What is required » Every record below is to be retyped exactly, with any pictures left out.

━━━━━ Source material

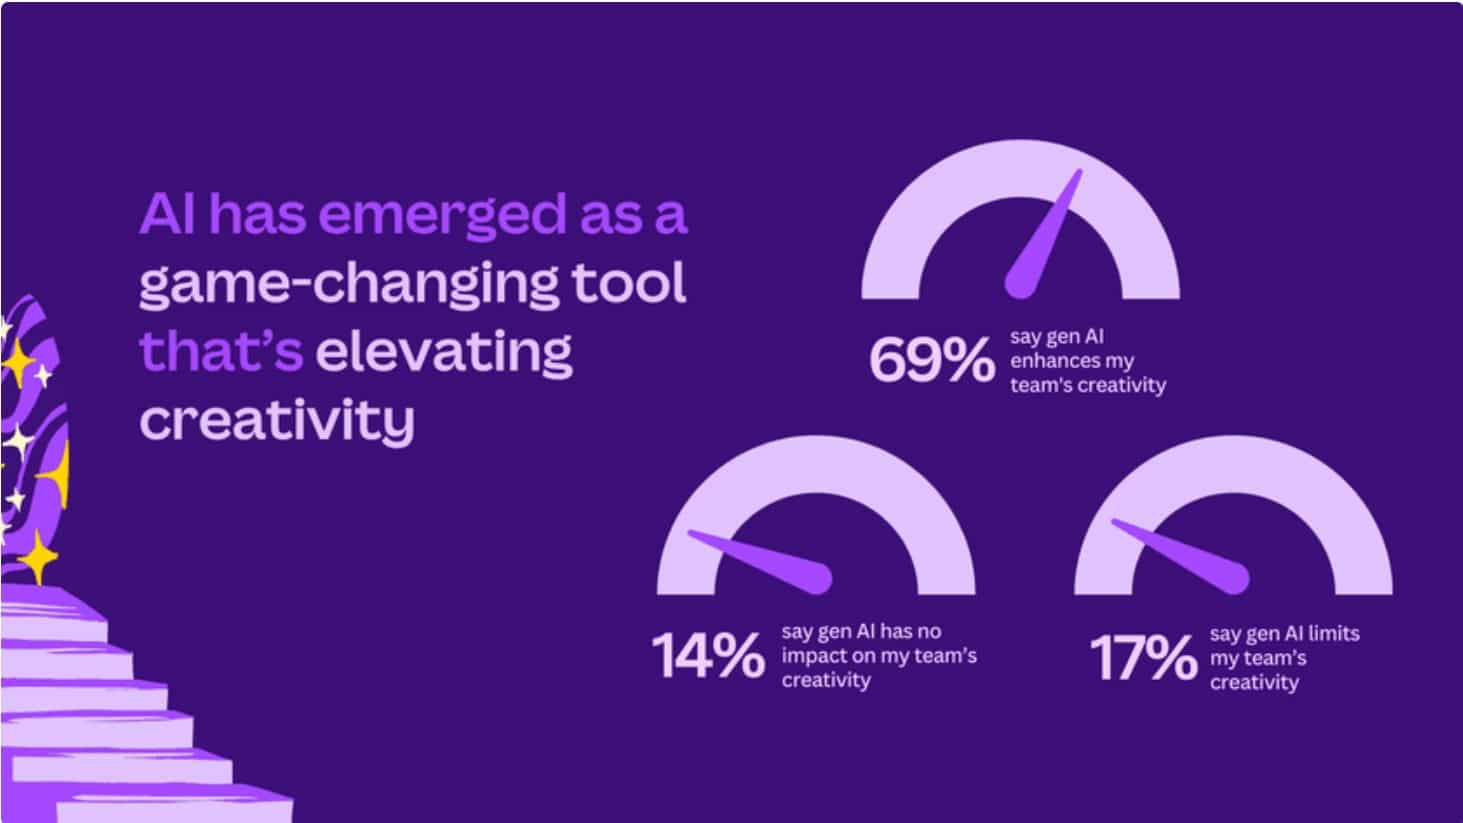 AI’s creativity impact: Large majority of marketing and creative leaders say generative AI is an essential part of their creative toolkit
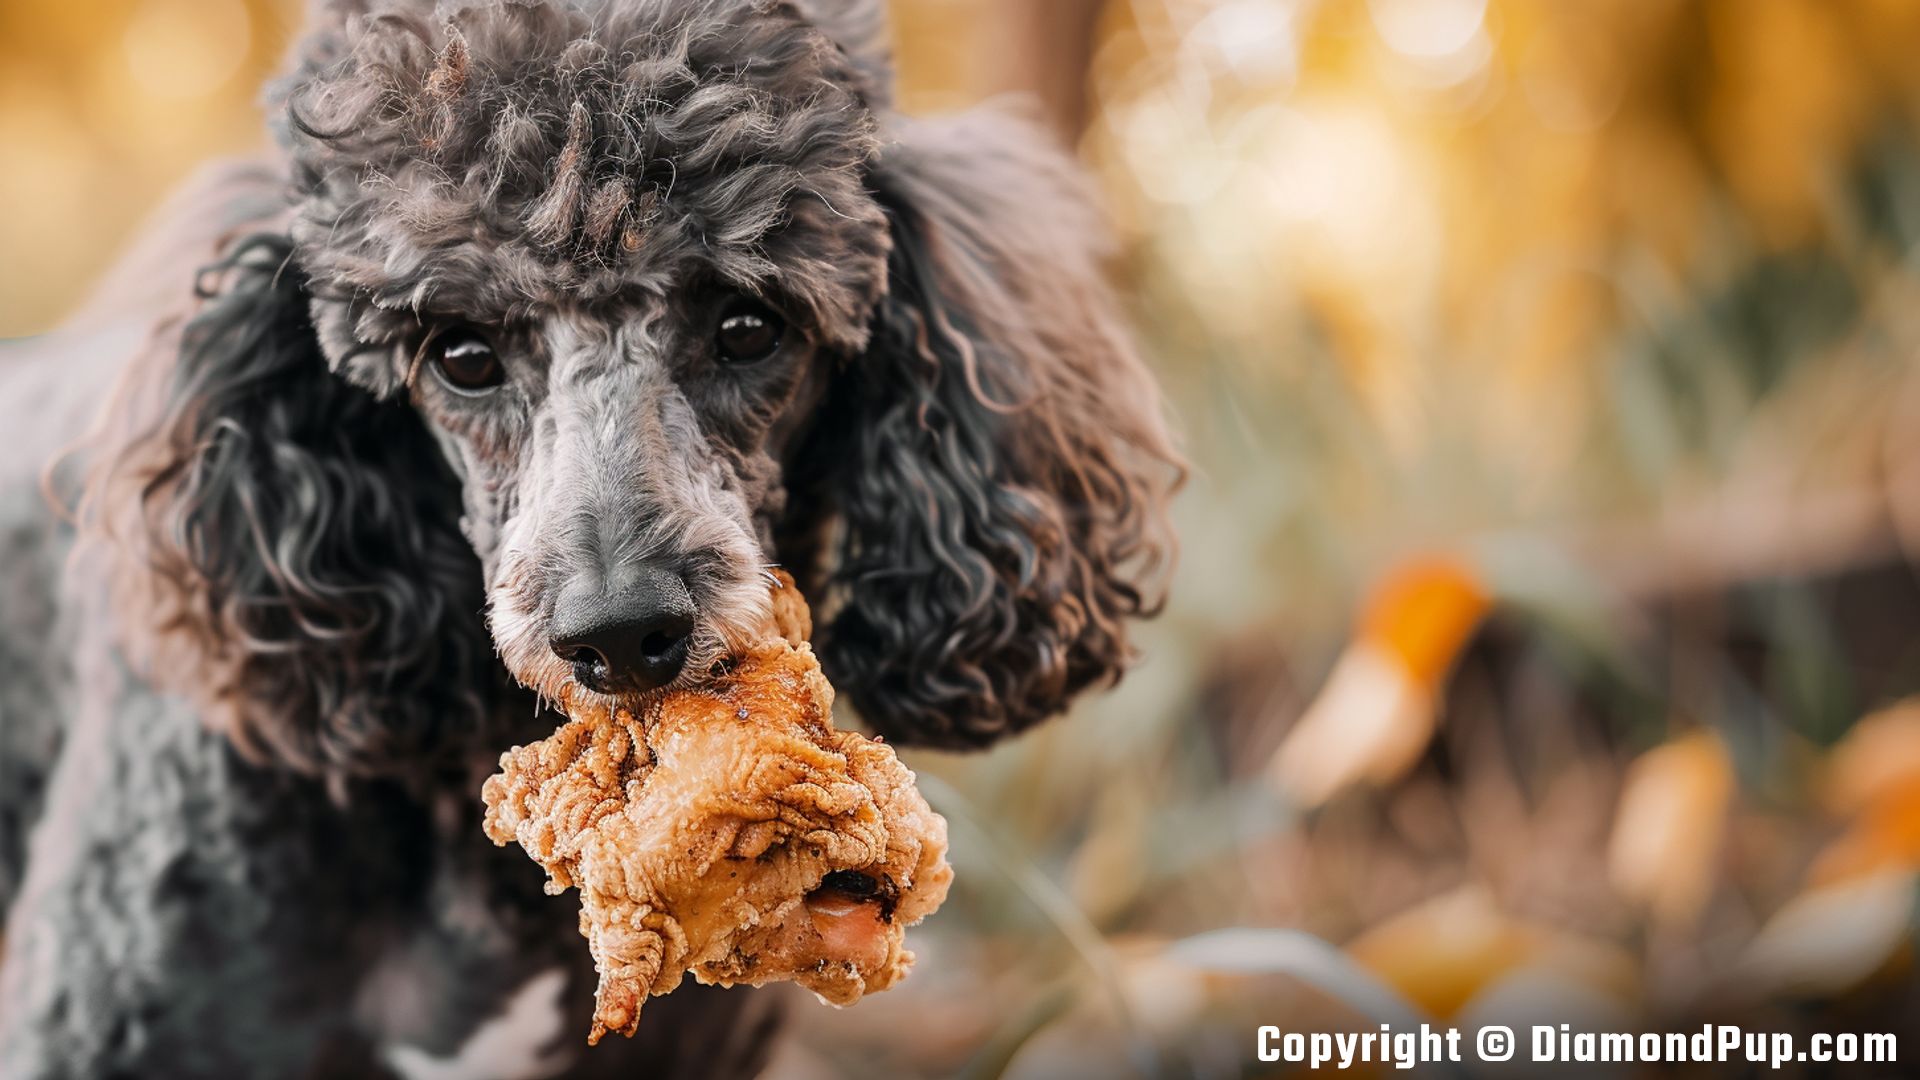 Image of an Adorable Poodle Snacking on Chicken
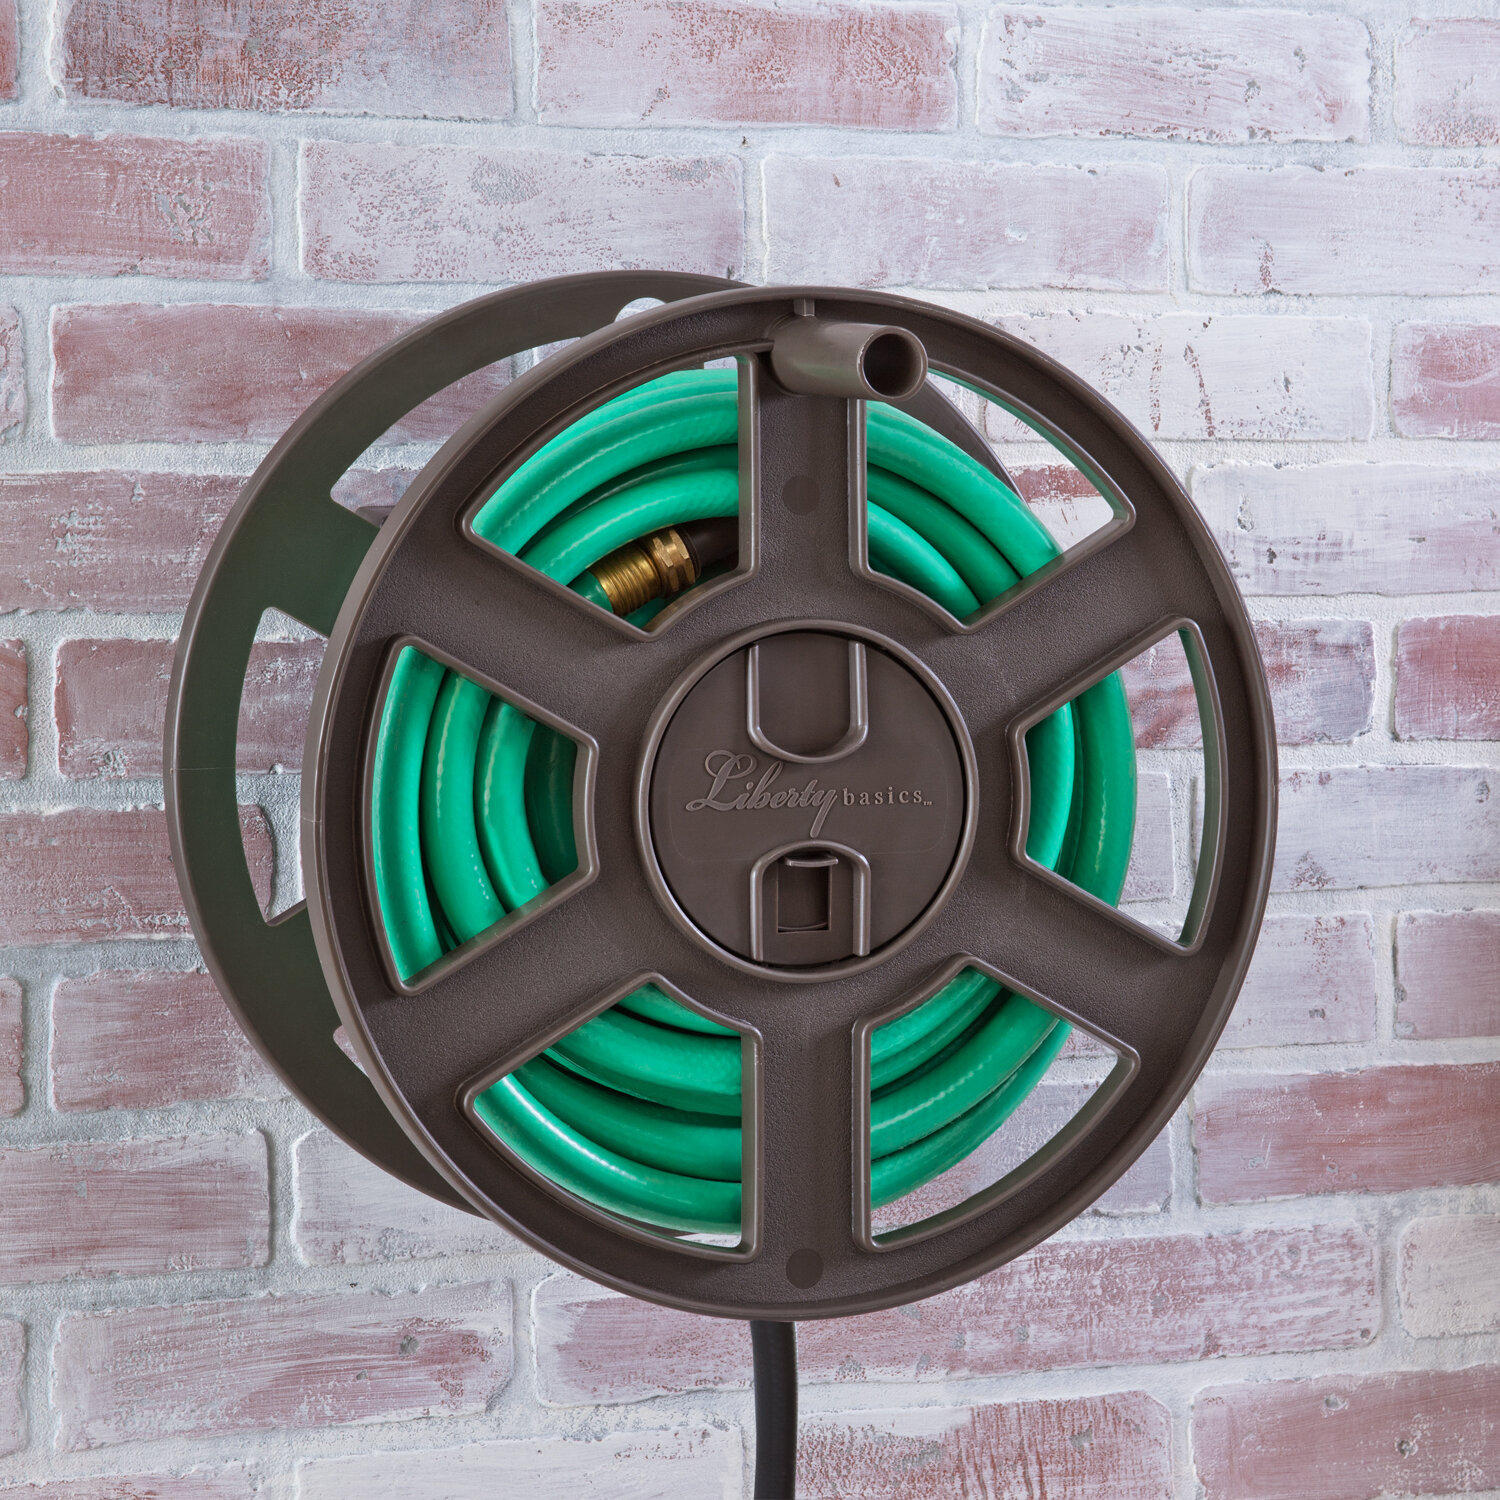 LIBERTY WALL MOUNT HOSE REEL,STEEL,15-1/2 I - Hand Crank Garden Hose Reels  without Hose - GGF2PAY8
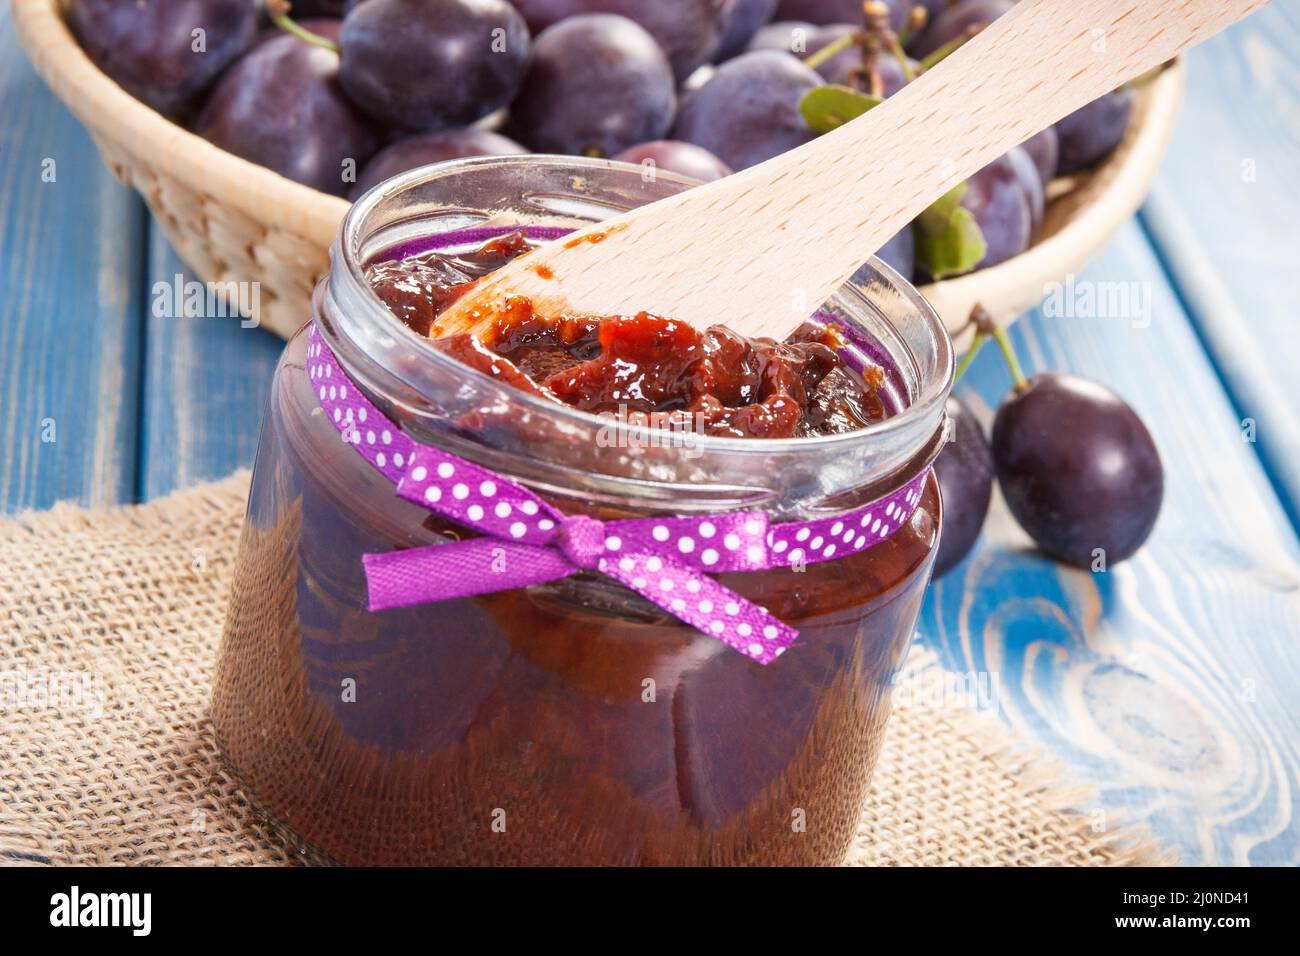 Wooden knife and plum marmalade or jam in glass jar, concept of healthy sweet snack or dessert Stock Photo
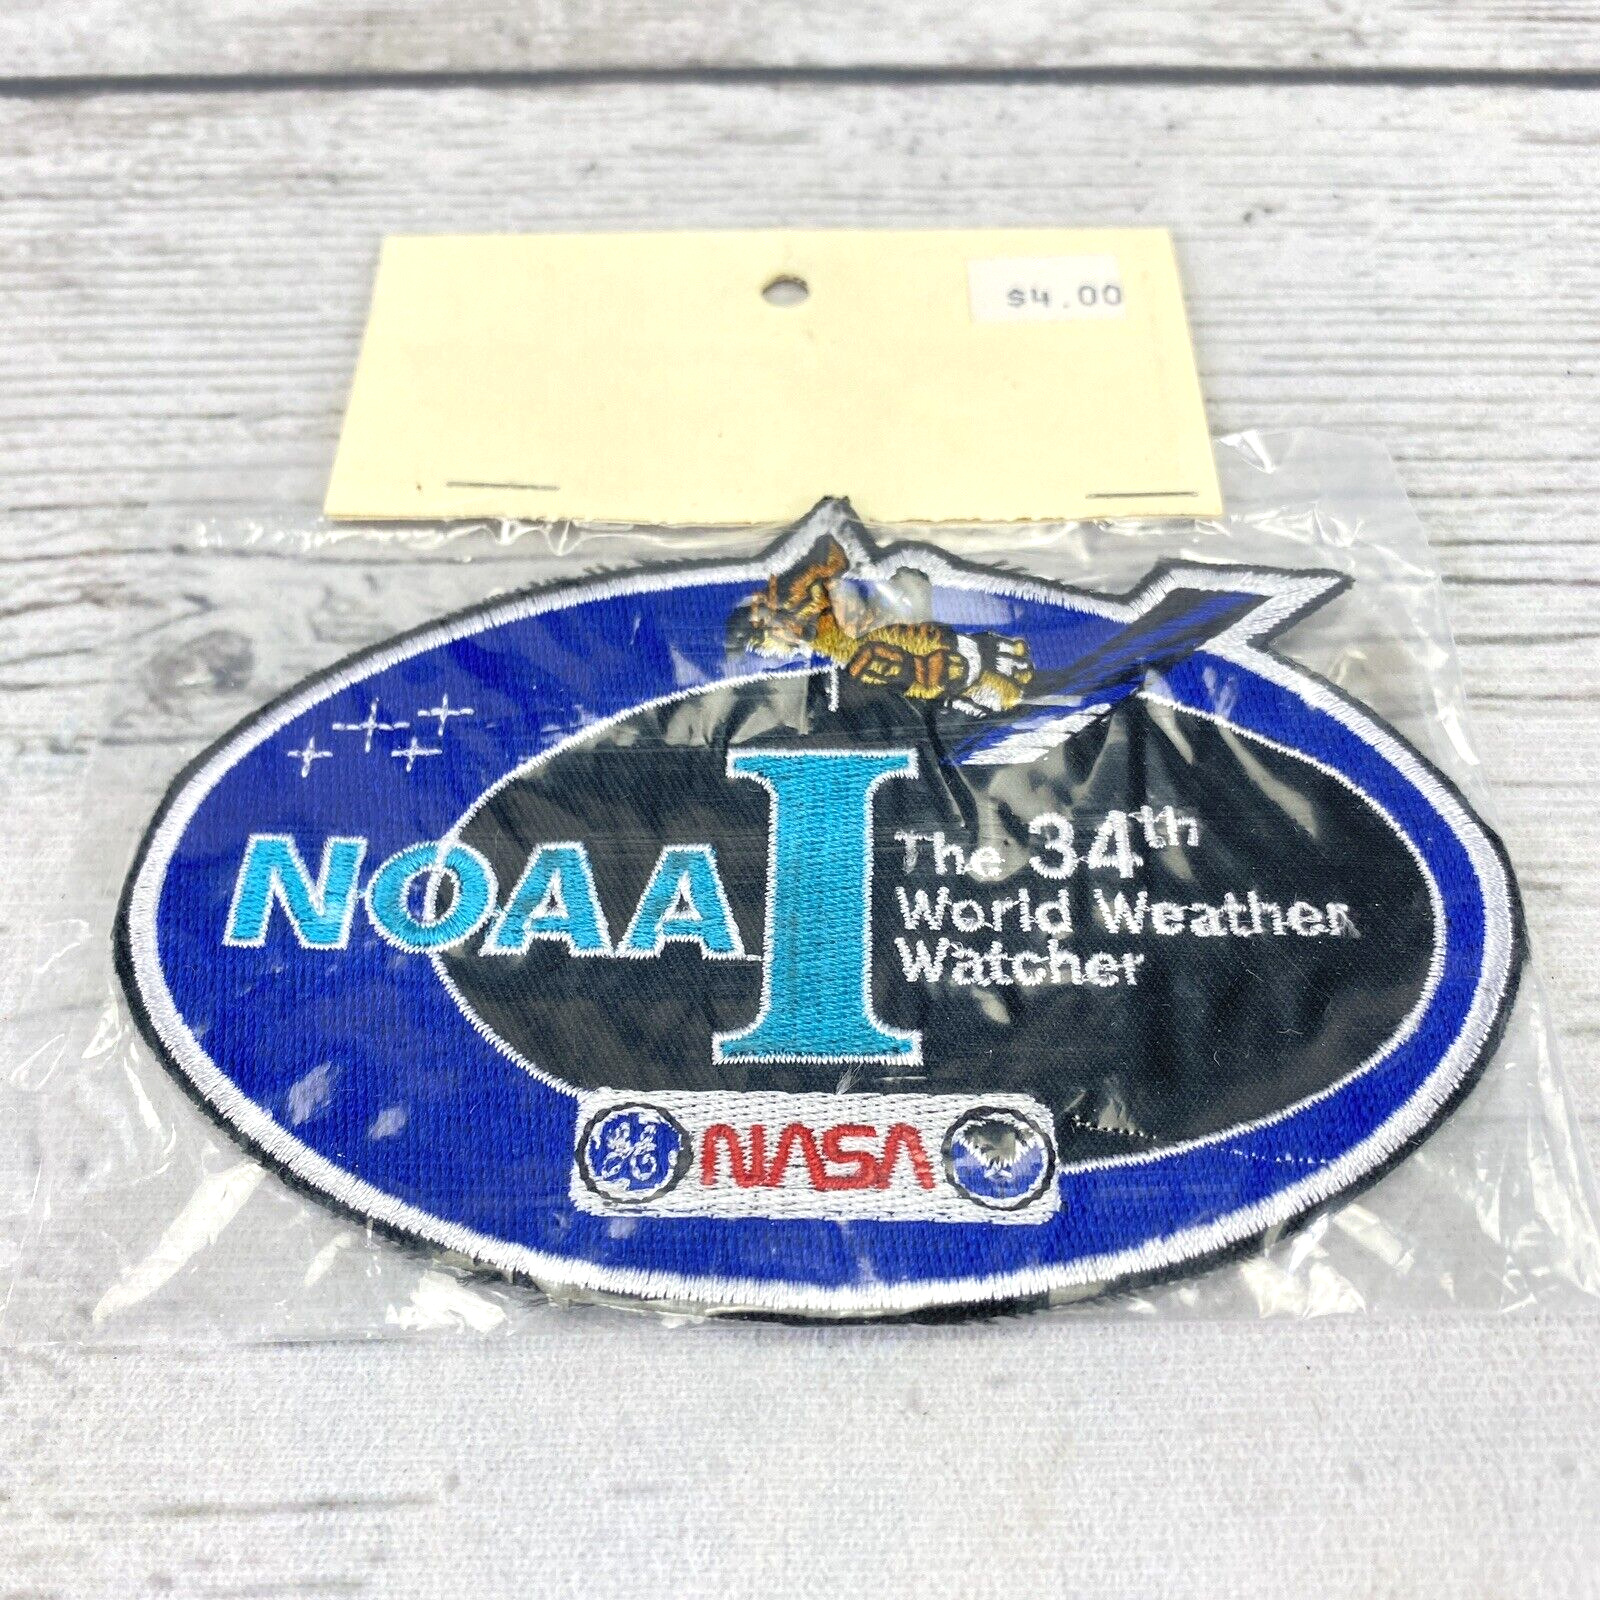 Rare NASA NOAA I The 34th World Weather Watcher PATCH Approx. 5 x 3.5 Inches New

━━━━━━━━━━

Problem solution »
 AI’s creativity impact: Large majority of marketing and creative leaders say generative AI is an essential part of their creative toolkit
 Image of an Adorable Poodle Snacking on Chicken
 LIBERTY WALL MOUNT HOSE REEL,STEEL,15-1/2 I - Hand Crank Garden Hose Reels  without Hose - GGF2PAY8
 Wooden knife and plum marmalade or jam in glass jar, concept of healthy sweet snack or dessert Stock Photo
 Rare NASA NOAA I The 34th World Weather Watcher PATCH Approx. 5 x 3.5 Inches New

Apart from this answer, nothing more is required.